Items marked with (R) are required prior to targeting to a milestone / release.

(R) Enhancement issue in release milestone, which links to KEP dir in kubernetes/enhancements
(R) KEP approvers have approved the KEP status as implementable
(R) Design details are appropriately documented
(R) Test plan is in place, giving consideration to SIG Architecture and SIG Testing input
- e2e Tests for all Beta API Operations (endpoints)
- (R) Ensure GA e2e tests meet requirements for Conformance Tests
- (R) Minimum Two Week Window for GA e2e tests to prove flake free
(R) Graduation criteria is in place
- (R) all GA Endpoints must be hit by Conformance Tests
(R) Production readiness review completed
(R) Production readiness review approved
“Implementation History” section is up-to-date for milestone
User-facing documentation has been created in kubernetes/website , for publication to kubernetes.io
Supporting documentation e.g., additional design documents, links to mailing list discussions/SIG meetings, relevant PRs/issues, release notes

Summary

This document presents an addition to the kubelet pod resources endpoint (pod resources API) which allows third party consumers to learn about the compute device allocation, thus, alongside the existing pod resources API endpoint, properly evaluate the node capacity.

Motivation

Goals

Enable node monitoring agents to know the allocatable compute resources on a node, thus properly calculate the node compute resource utilization.

Non-Goals

Add new endpoint (like kubelet /pods)

Proposal

User Stories

Node Feature Discovery

Enable the Node Feature Discovery to expose hardware topology information .

Topology aware scheduling

This interface can be used to track down allocated resources with information about the NUMA topology of the worker node in general way. This interface can be used to the available resources on the worker node. The kubelet is the best source of information because it manages concrete resources assignment. The information can then be used in NUMA aware scheduling. Combining the information reported by the List API, which pertains the current allocation, with the information reported by the GetAllocatableResources API, monitoring agent can reliably report the compute device utilization and availability.

Risks and Mitigations

This API is read-only, which removes a large class of risks. The aspects that we consider below are as follows:

What are the risks associated with the API service itself?
What are the risks associated with the data itself?

Risk	Impact	Mitigation
Too many requests risk impacting the kubelet performances	High	Implement rate limiting and or passive caching, follow best practices for gRPC resource management.
Improper access to the data	Low	Server is listening on a root owned unix socket. This can be limited with proper pod security policies.

Design Details

Proposed API

We propose to extend the existing pod resources gRPC service of the Kubelet, listening on a unix socket at /var/lib/kubelet/pod-resources/kubelet.sock.

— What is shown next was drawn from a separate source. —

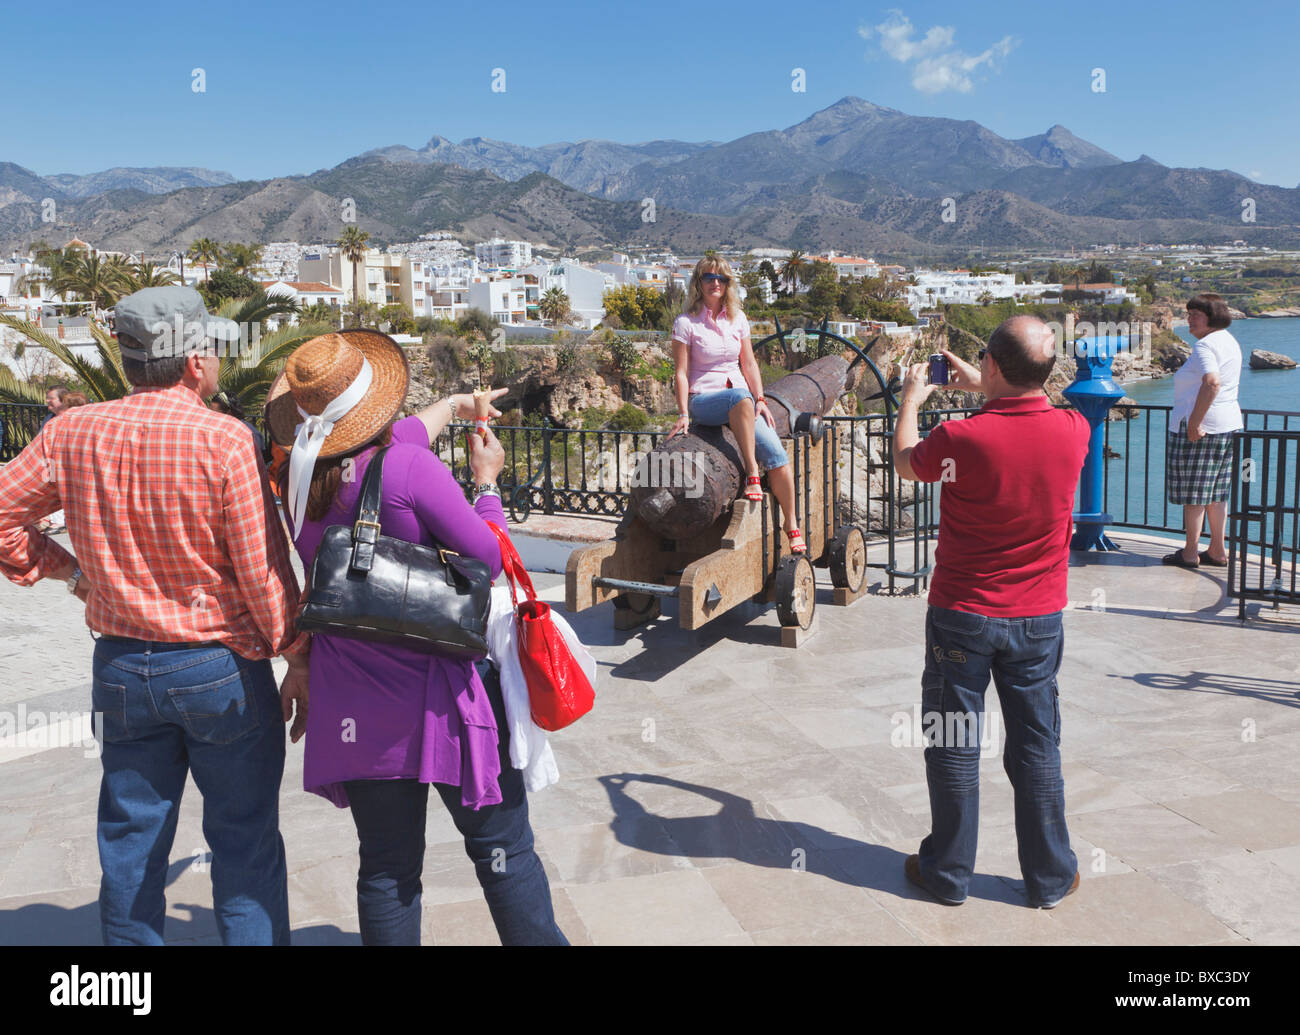 Nerja, Costa del Sol, Malaga Province, Spain. Tourists on the Balcon de Europa. Balcony of Europe. - Stock Image

The GRPC Service will expose an additional endpoint:

‘GetAllocatableResources`, which returns a single AllocatableResourcesResponse, enabling monitor applications to query for the allocatable set of resources available on the node. This endpoint will return error if the corresponding feature gate is disabled.

NOTE:

GetAllocatableResources should only be used to evaluate allocatable resources on a node. If the goal is to evaluate free/unallocated resources it should be used in conjunction with the List() endpoint. The result obtained by GetAllocatableResources would remain the same unless the underlying resources exposed to kubelet change. This happens rarely but when it does (e.g. CPUs onlined/offlined, devices added/removed), client is expected to call GetAlloctableResources endpoint.

The extended interface is shown in proto below:

// PodResources is a service provided by the kubelet that provides information about the
// node resources consumed by pods and containers on the node
service PodResources {
    rpc List(ListPodResourcesRequest) returns (ListPodResourcesResponse) {}
    rpc GetAllocatableResources(AllocatableResourcesRequest) returns (AllocatableResourcesResponse) {}
}

message AllocatableResourcesRequest {}

// AvailableResourcesResponses contains informations about all the devices known by the kubelet
message AllocatableResourcesResponse {
    repeated ContainerDevices devices = 1;
    repeated int64 cpu_ids = 2;
}

// ListPodResourcesRequest is the request made to the PodResources service
message ListPodResourcesRequest {}

// ListPodResourcesResponse is the response returned by List function
message ListPodResourcesResponse {
    repeated PodResources pod_resources = 1;
}

// PodResources contains information about the node resources assigned to a pod
message PodResources {
    string name = 1;
    string namespace = 2;
    repeated ContainerResources containers = 3;
}

// ContainerResources contains information about the resources assigned to a container
message ContainerResources {
    string name = 1;
    repeated ContainerDevices devices = 2;
    repeated int64 cpu_ids = 3;
    repeated ContainerMemory memory = 4;
}

// Topology describes hardware topology of the resource
message TopologyInfo {
	repeated NUMANode nodes = 1;
}

// NUMA representation of NUMA node
message NUMANode {
	int64 ID = 1;
}

// ContainerDevices contains information about the devices assigned to a container
message ContainerDevices {
    string resource_name = 1;
    repeated string device_ids = 2;
    TopologyInfo topology = 3;
}

Test Plan

The implementation PR adds a suite of E2E tests which cover both the existing List endpoint already implemented in the podresources API and the new proposed GetAllocatableResources API.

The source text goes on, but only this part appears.